J. Chil. Chem. Soc. v.52 n.2 Concepción jun. 2007 


J. Chil. Chem. Soc, 52, Nº 2 (2007) págs.: 1191-1195





Departamento de Química Orgánica e Inorgánica. Facultad de Química. Universidad de Oviedo. Oviedo 33071.Spain.


This review covers the chemistry of the polyphosphazene homo or random copolymers having repeating units of the type [NP(O2-biaryl)]n, were the P(dioxy-biaryl) moieties are cyclic (polyspirophosphazenes), specially those of the types [NP(O2C12H8)]n [(O2C12H8)=2,2´-dioxy-1,1´-biphenyl], and the chiral [NP(O2C20H12)]n [(O2C20H12)= 2,2-dioxy-1,1´-binaphthyl] or [NP(O2C20H10R2)]n [(O2C20H10R2)= 2,2´-dioxy-1,1´-binaphthyl functionalized in the 6,6´positions]. Special mention is made to the molecular and solid state structure, the behaviour in solution, the thermal properties, and, in the case of the chiral polymers, their chirooptical properties. The use of some of this polymers as precursors for different kind of materials, such as polymeric complexes with the transition metals and their use as supported catalysts, branched phosphazene polymers and metal containing nanoparticles is also discussed.

Keywords: polyphosphazenes / chiral / metal-containing / supported catalysts.

1. Polyspirophosphazenes homo and copolymers.
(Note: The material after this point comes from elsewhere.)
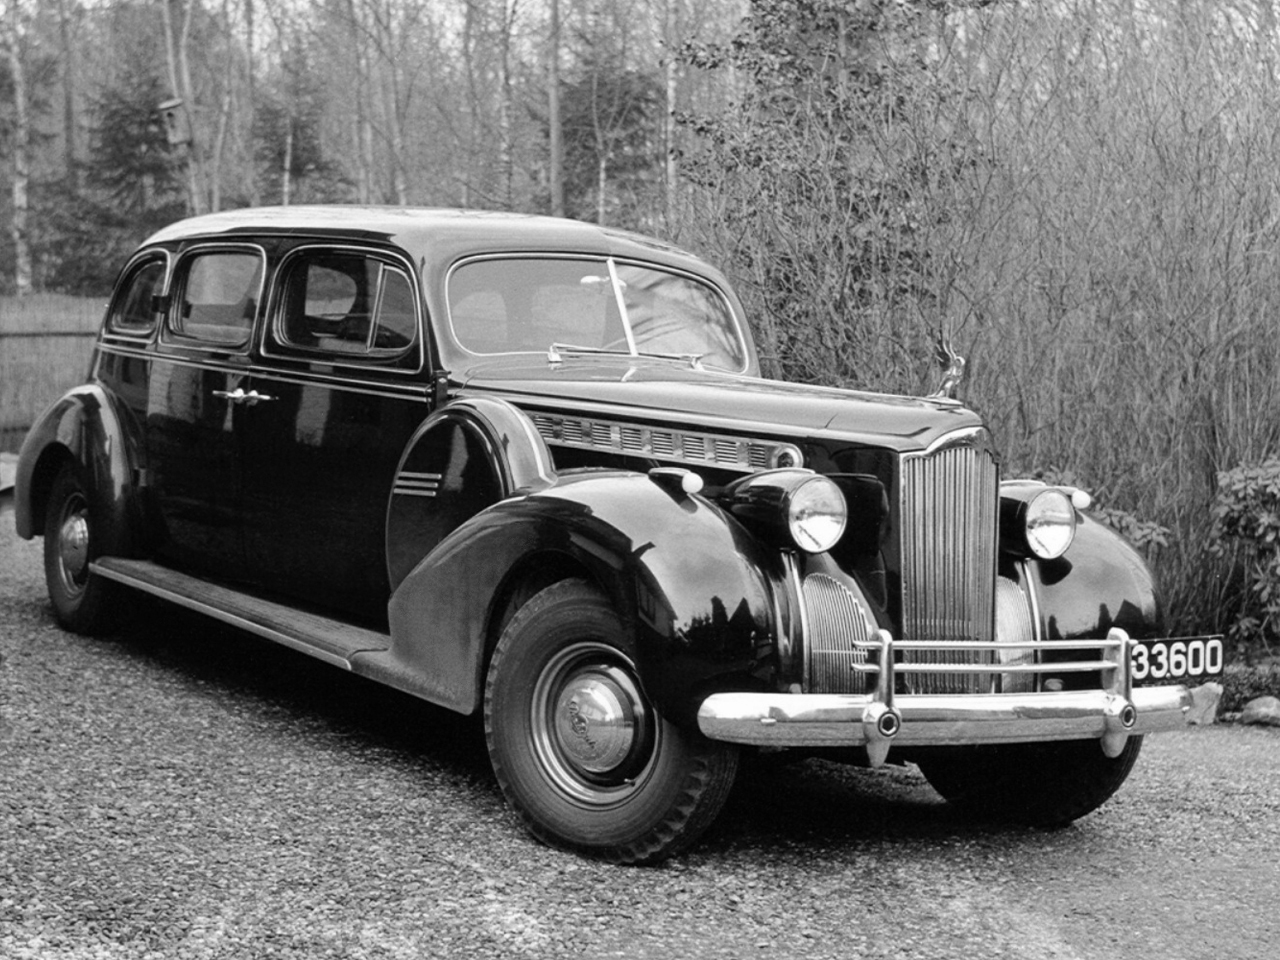 1940 Packard 120 Business Coupe - kootation.

Polyphosphazenes (figure 1) are polymers having repeating units of the types [NPX2] with X=halogen or pseudohalogen, (polyhalophosphazenes) (1a), [NPR2] with R=alkyl or aryl [poly(alkyl)phosphazenes or poly(aryl)phosphazenes)] (1b), [NP(OR)2] with R=alkyl or aryl, [poly(alcoy) phosphazenes or poly(aryloxy)phosphazenes] (1c), or [NP(NHR)2] [poly(am ino)phosphazenes] (1d). A variety of copolymers combining two or more of those units is also possible.
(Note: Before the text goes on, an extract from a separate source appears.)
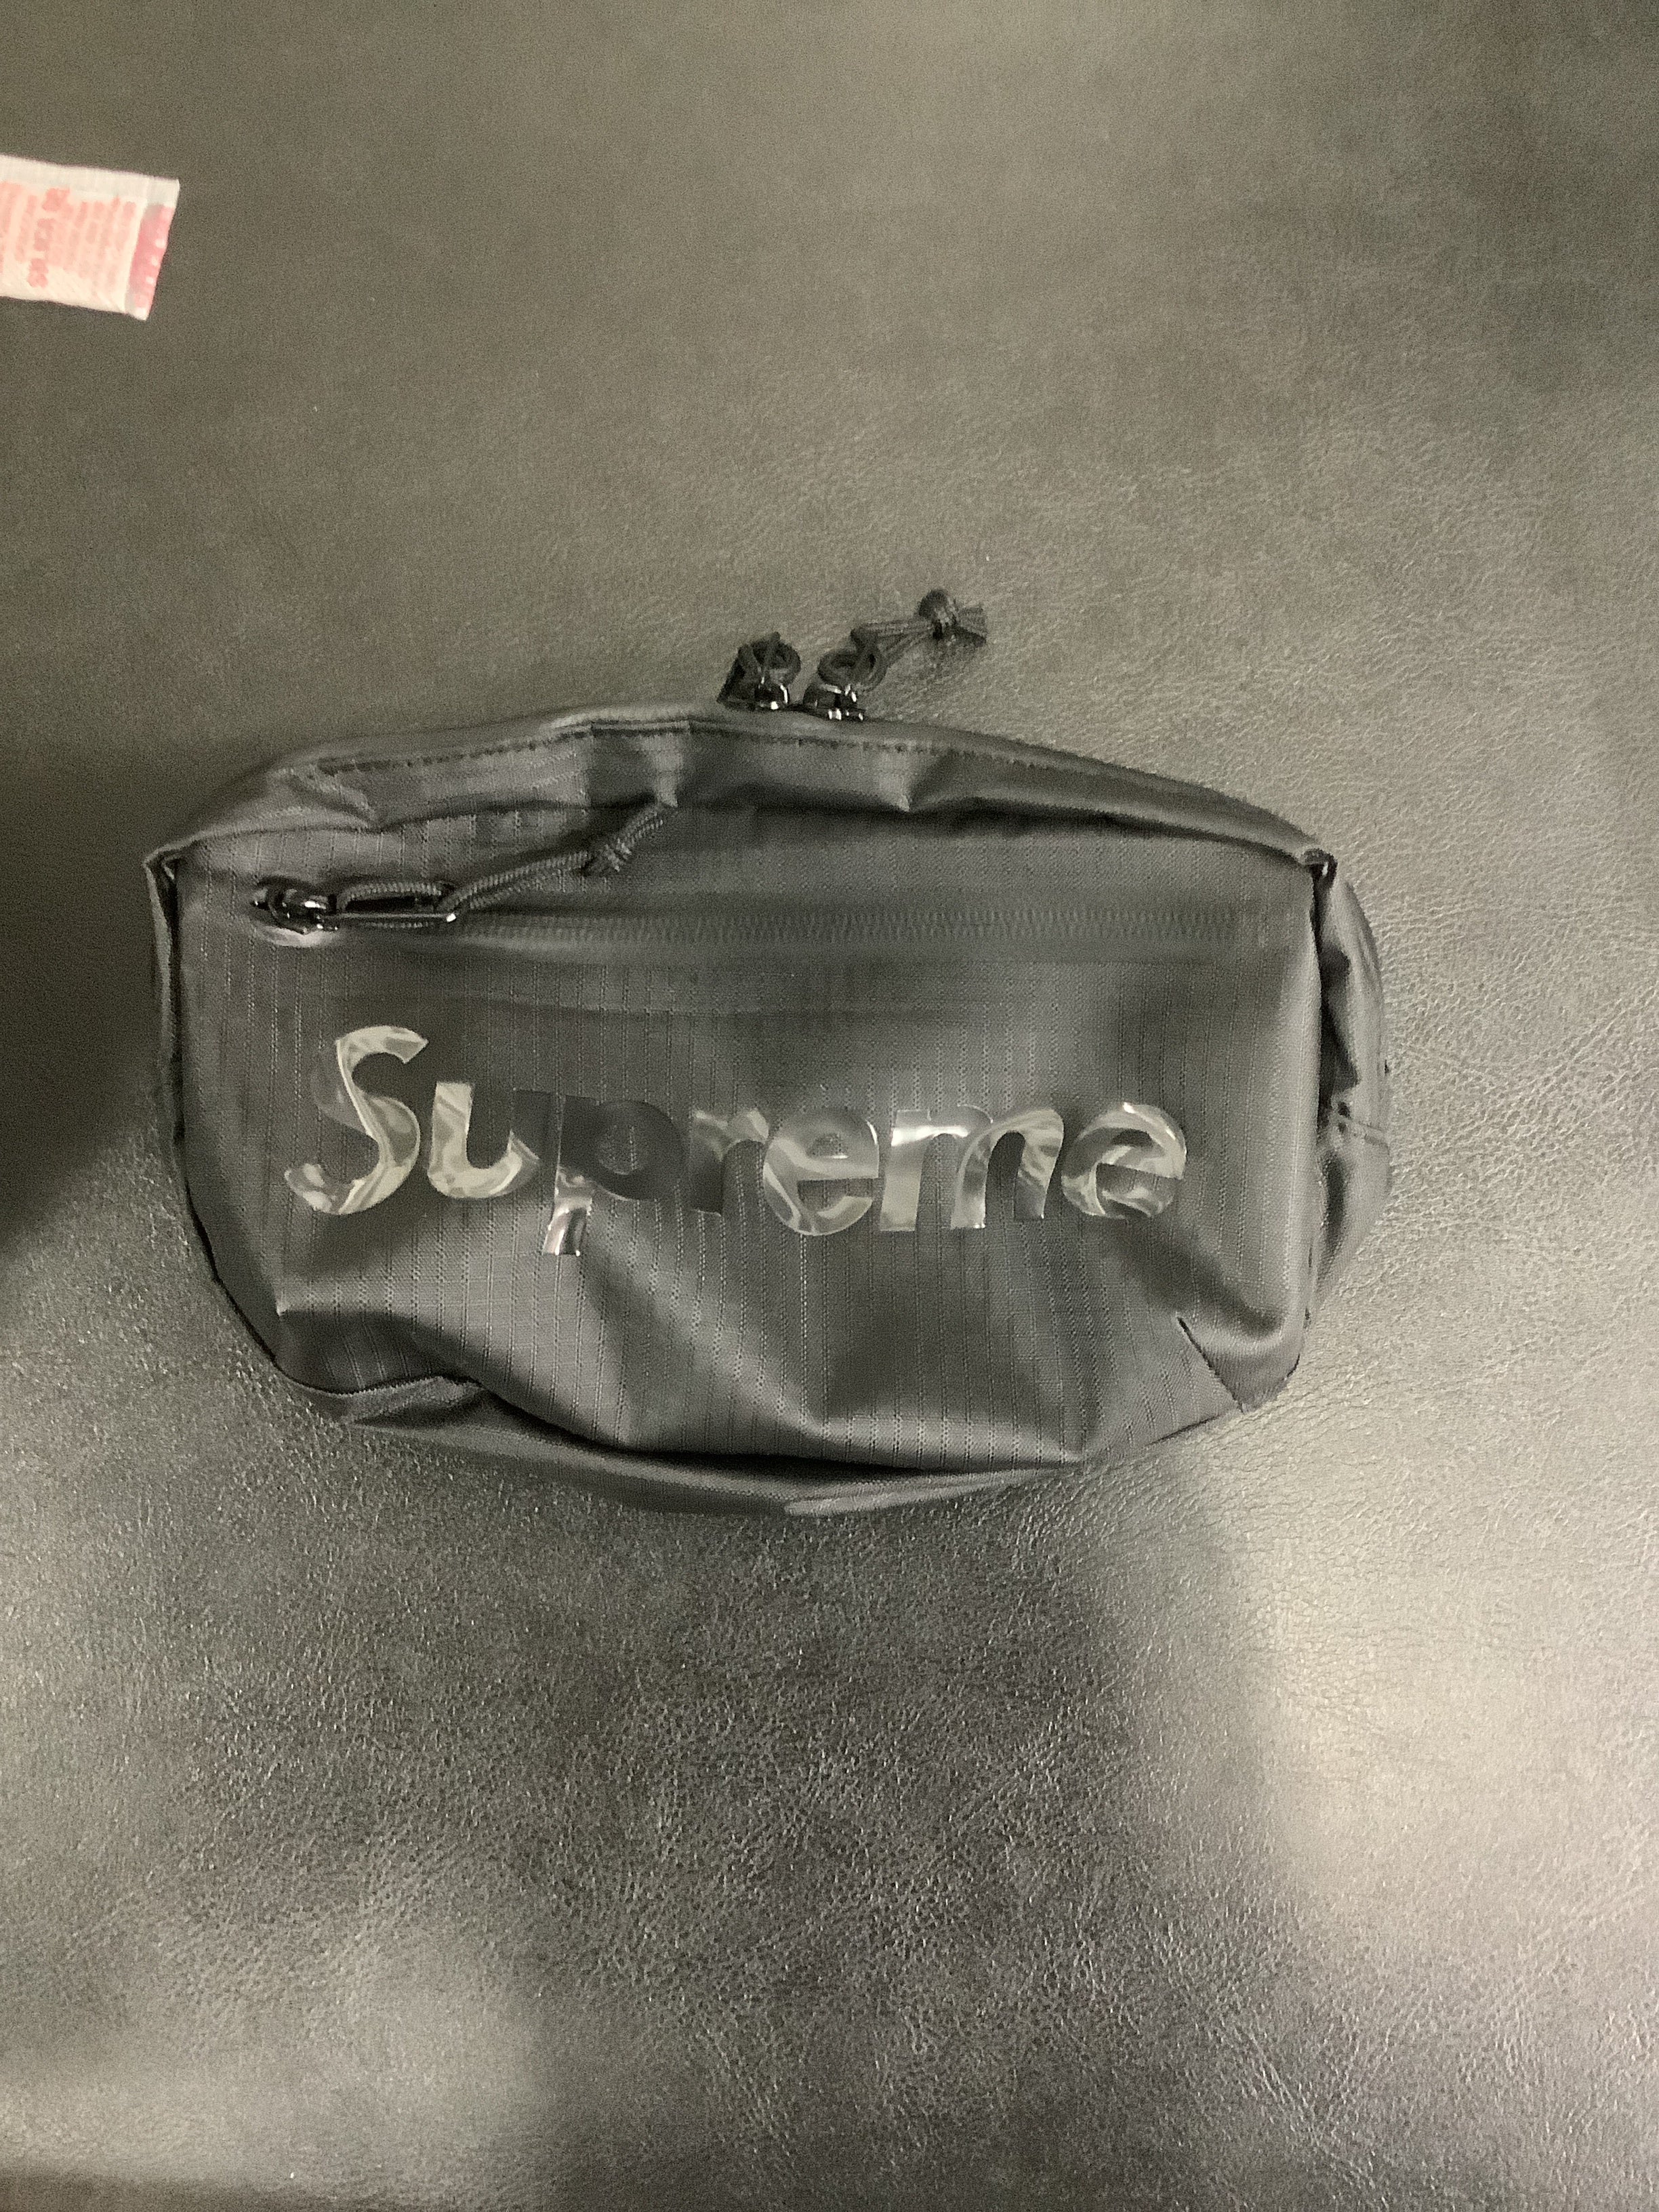 Supreme Waist Bag Black

The already vast knowledge acquired on those polymers has been reviewed in a number of papers and books1. Although they are normally considered as inorganic polymers2,3 (chains not formed by carbon atoms), because of the presence of organic pendant groups (which is very frequent) they are in fact hybrid organic-inorganic polymers1d. They are commonly represented with formal alternated P=N double bonds (fig 2a). In fact, an alternation of shorter (P=N) and longer (P-N) bonds is usually observed along the chains4a, although in some conformations, for example in optimized helical chains, all the P-N bond distances may be almost equal4a (as observed in all the cyclic phosphazenes), and the other representation shown in fig 2b might be also appropriate. In any case, it should be taken into account that the analysis of the bonding show no electronic delocalization4b and that they are non-conducting polymers [in fact, they are isoelectronic with the polysiloxanes (silicones)].
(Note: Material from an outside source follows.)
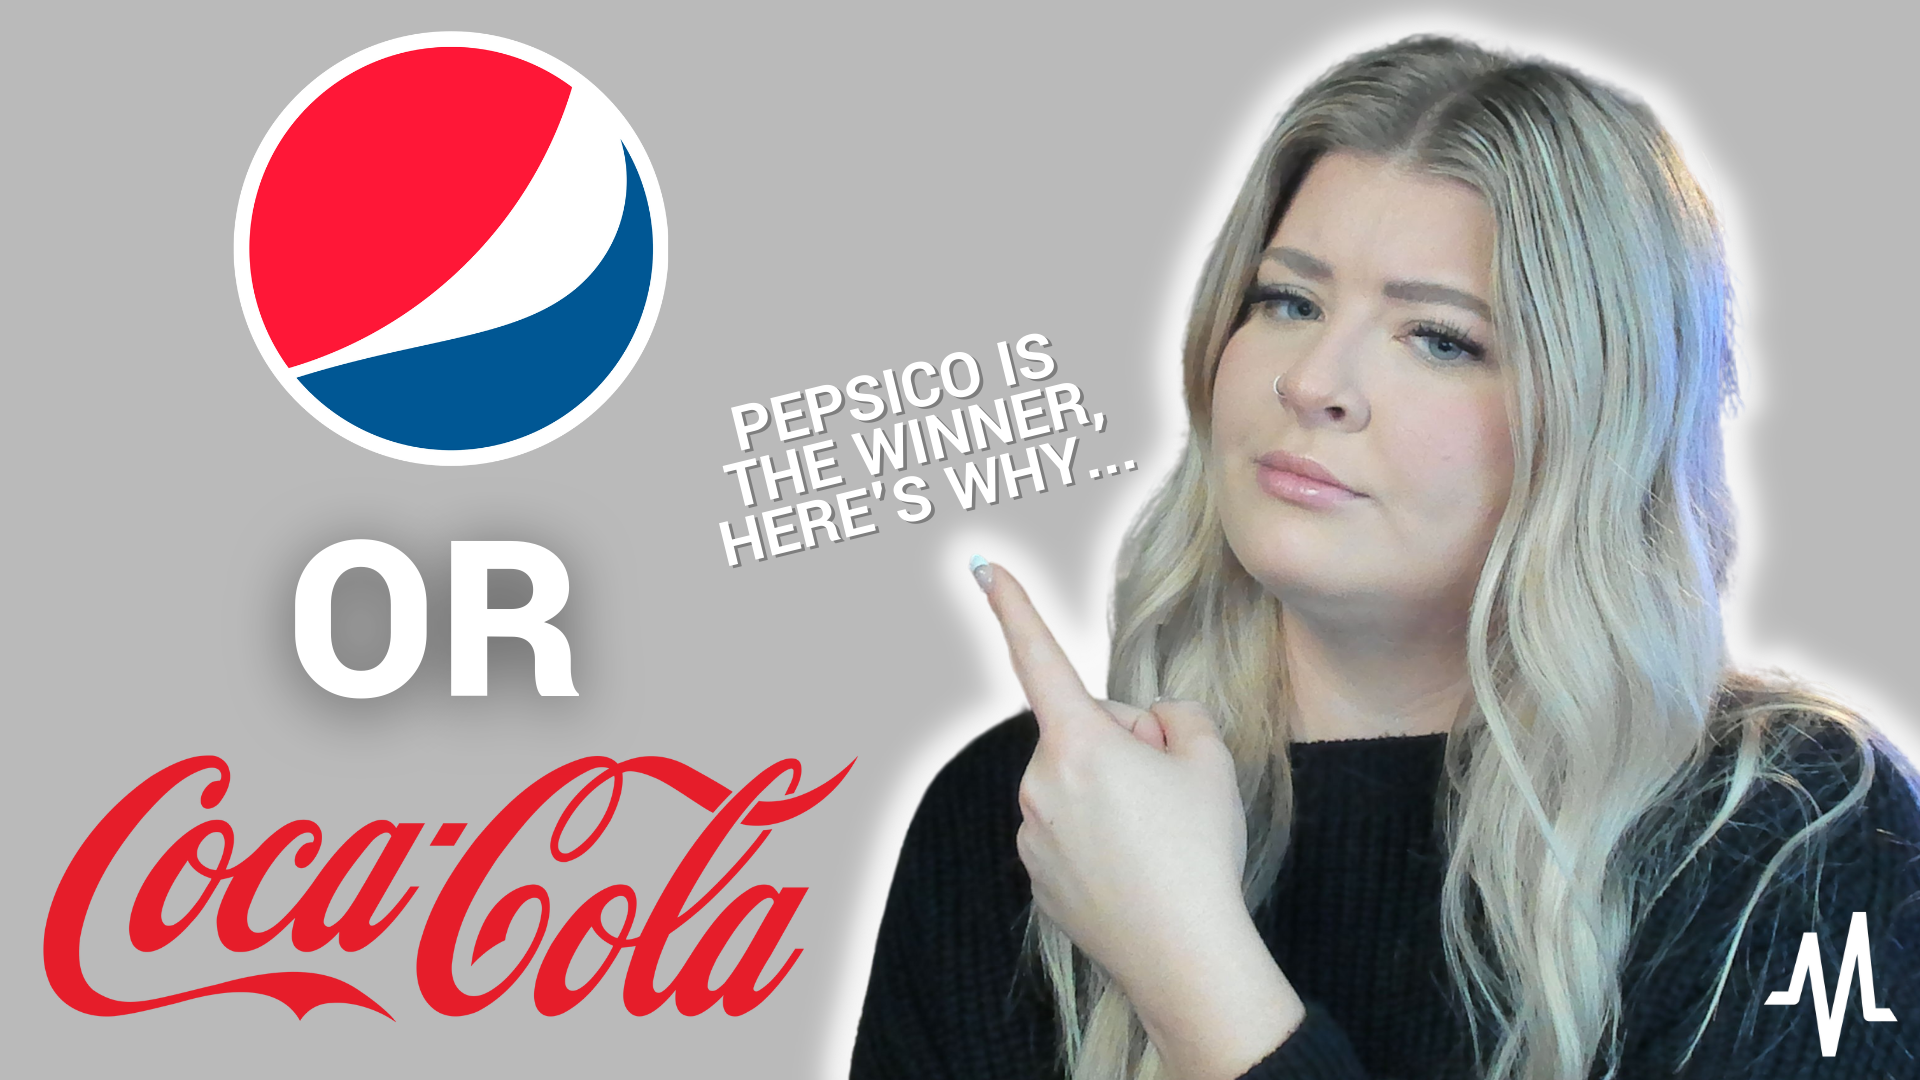 PepsiCo or Coke? PepsiCo is the Winner, Here's Why

These macromolecules are very versatile in chemical composition and properties and have a great academic and applied interest, including the very relevant fields of polymeric materials for electronics and for biomedical applications1.

A special group of phosphazenes comprises those having λ5-phosphorus cycles in the repeating units (fig 3a), that, being the linear counterparts of the spirocyclophosphazene trimers or tetramers, they can be named as polyspirophosphazenes5, although other terms, such as cardo-phosphazenes might also be appropriate.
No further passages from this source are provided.